Role of the Induced Defects under Ion Beam on CoSi2 Nucleation in Si

Role of the Induced Defects under Ion Beam on CoSi2 Nucleation in Si

Scientific Achievement

Predicting and controlling the formation of low dimensionality precipitates requires adequate knowledge of the mechanisms involved in nucleation and growth processes under ion irradiation.  This is particularly important for systems in which 2 nanostructure populations coexist in a matrix such as CoSi2 in a Si host where Co implantation in Si largely favors (90%) the formation of  semi-coherent platelets (B-type) in spite of the fact that they are thermodynamically less stable than A-type nanoprecipitates (i.e. octahedral in perfect epitaxy).  Kinetic Monte Carlo simulations evidenced a nucleation mechanism related to the presence of defects (specifically vacancies) created during  implantation.

A first series of experiments at the EMC facility of ANL allowed us to study the role of defects during Co implantation.  Independent control of the defect rate production and of the implanted Co concentration was obtained using the Argonne 300 kV IVEM and simultaneous in situ Co implantation.  Synergy effects are obtained in the dual beam area: both the nature and density of defects are modified in the co-irradiated area.  We observed the formation of a high concentration of large dislocations (some hundred nanometers to micron) and faulted defects (hundred nm in size) in the dual beam region.  Whereas classical small perfect dislocation loops are observed in areas where only Co implantation was acting.

Also, in the co-irradiation area, the increase of Frenkel pair density (electron beam effect) increased nucleation-growth rate of CoSi2 nanoprecipitate (2 times greater for the nanoprecipitate concentration and 2 times lower in size ). 

Significance

First evidence of synergy effects was observed during dual beam experiments.

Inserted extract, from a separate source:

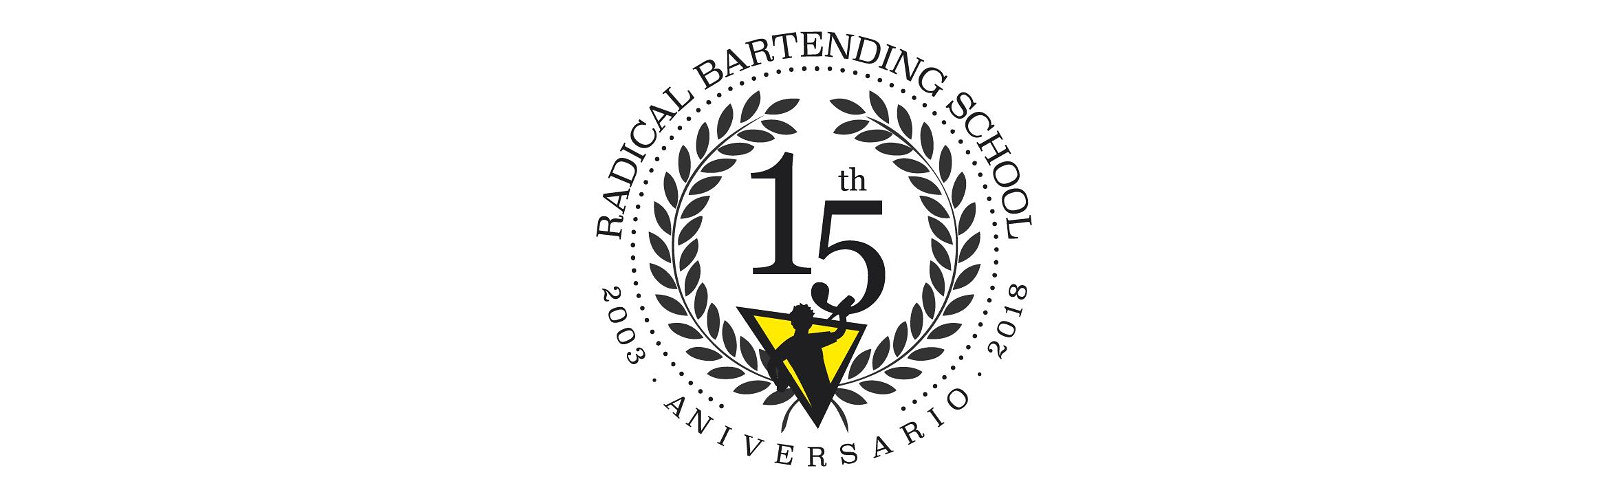 radica-bartending-school-bilbao

Those effects lead to the observed faulted dislocation loop network and to the modification of the nucleation-growth rate.  This preliminary results are the first steps in defect engineering control for the selection of nanoprecipitate nature.

Performers

F. Fortuna, B. Décamps, E. Oliviero, M.-O. Ruault (CSNSM/CNRS/Univ. P-Sud, Orsay, France); M. Kirk, P. Baldo (Argonne-MSD)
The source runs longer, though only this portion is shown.